I recognize that convincing you to feel sympathetic for hard-partying Matt Harvey and his millions of dollars is a difficult task. But this transgression of the private sphere is not necessarily limited to professional athletics. True, it is mostly limited to them as of right now, but why? It’s not because being hungover has a bigger impact on Harvey’s pitching ability than it does on your ability to do your job; filing tax returns or serving coffee or teaching first graders or doing whatever it is that you do is almost definitely harder when you have a splitting headache and drymouth than it is normally.

Instead, I think what’s special about sports is the constant measurement of employee performance. It’s easier to justify this kind of intrusion on Harvey’s privacy because he’s struggling right now, and the Mets can say they’re just trying to ensure he performs as well as possible. More specifically, the Mets (and most teams in MLB) probably have all kinds of data on how lack of sleep, or poor nutrition, or alcohol consumption, impact your ability to pitch. They can find a way to justify this intrusion, down to the tenths of MPH that Harvey loses off his fastball for every additional shot he takes.

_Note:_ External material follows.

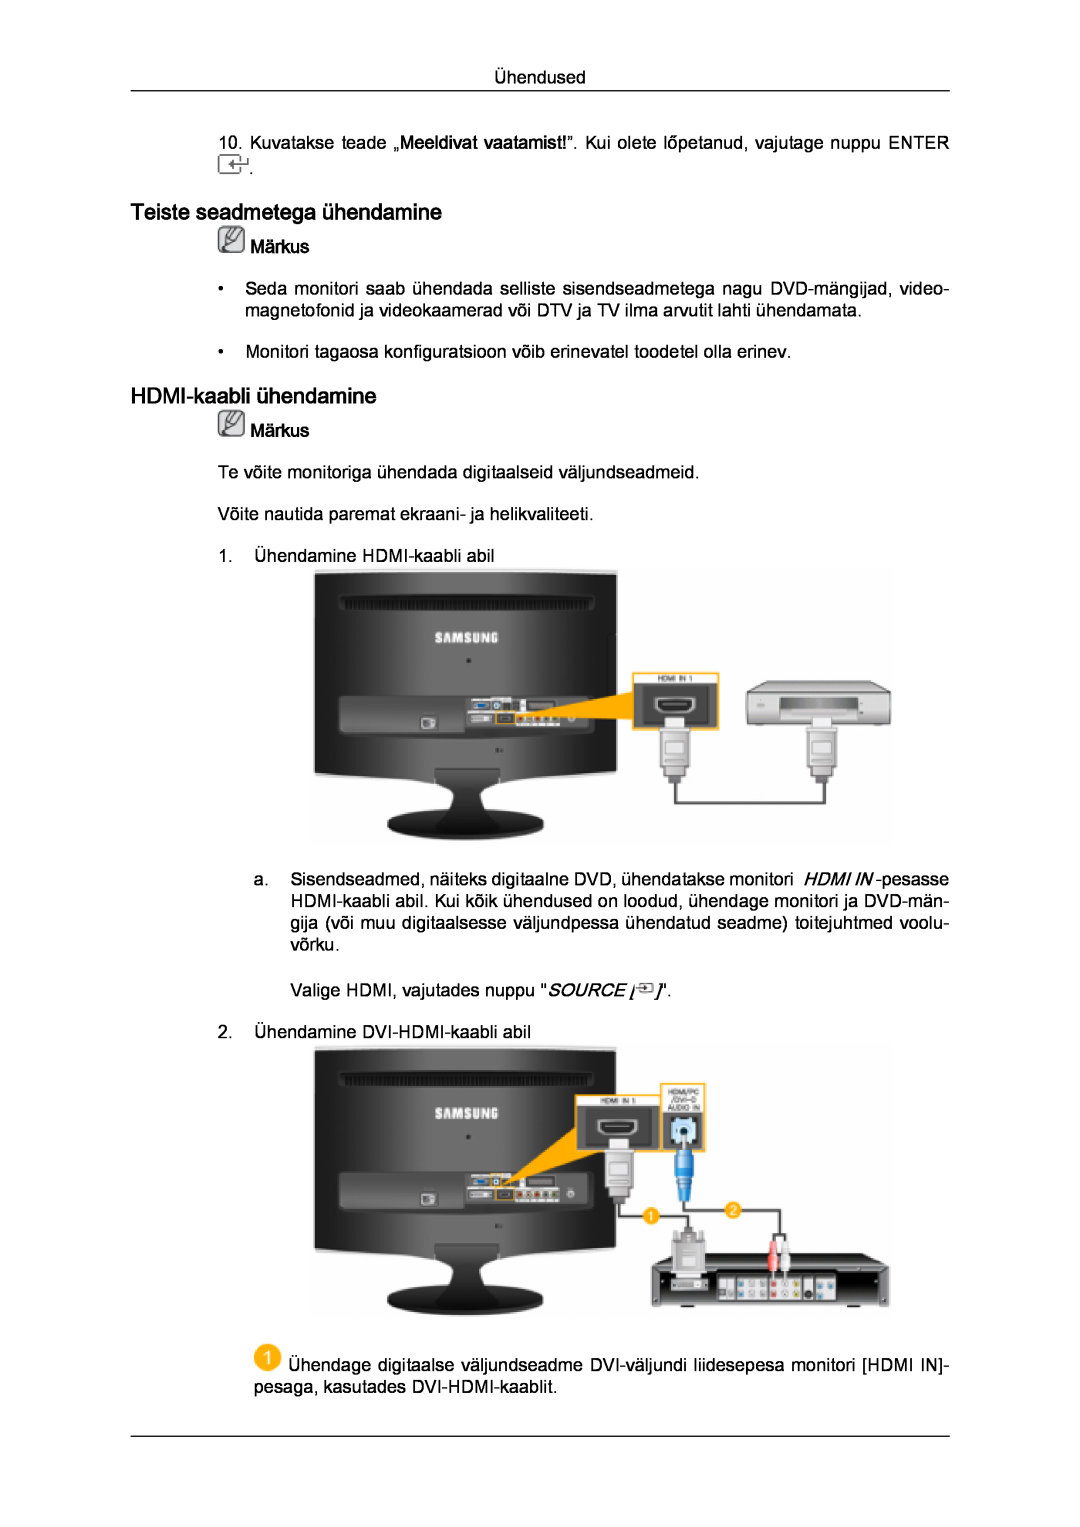 Samsung LS24TDDSUV/EN, LS20TDVSUV/EN, LS24TDVSUV/EN manual Teiste seadmetega ühendamine, HDMI-kaabli ühendamine, Märkus

That kind of quantification is mostly unique to sports. But it may not be for much longer. Employers, in all sectors, are mimicking the kind of instant measurement that baseball features so prominently. Using standardized test results to evaluate teachers is one of the more longstanding versions of this trend, but more technologically advanced techniques with the same end goal are spreading rapidly. Employers are tracking their employees’ physical movements, their computer usage, and even their after-work activities. Maybe your boss can’t check up on your Friday night plans just yet. But if they can show that you’re 20% less efficient when you go out, just as the Mets can show that Harvey is less effective when he’s sick, that kind of intrusion is harder to stave off.

The areas of an employee’s life that the employer has control over are not set in stone. The lines that currently exist were drawn as a result of decades of labor organizing and ferocious opposition by management, but they can move at any time, and they already have moved for professional athletes. Matt Harvey is in a different situation than you or I, but it might not be that different for much longer. Everyone deserves privacy, and places where their boss cannot intrude. Even multimillionaire baseball players.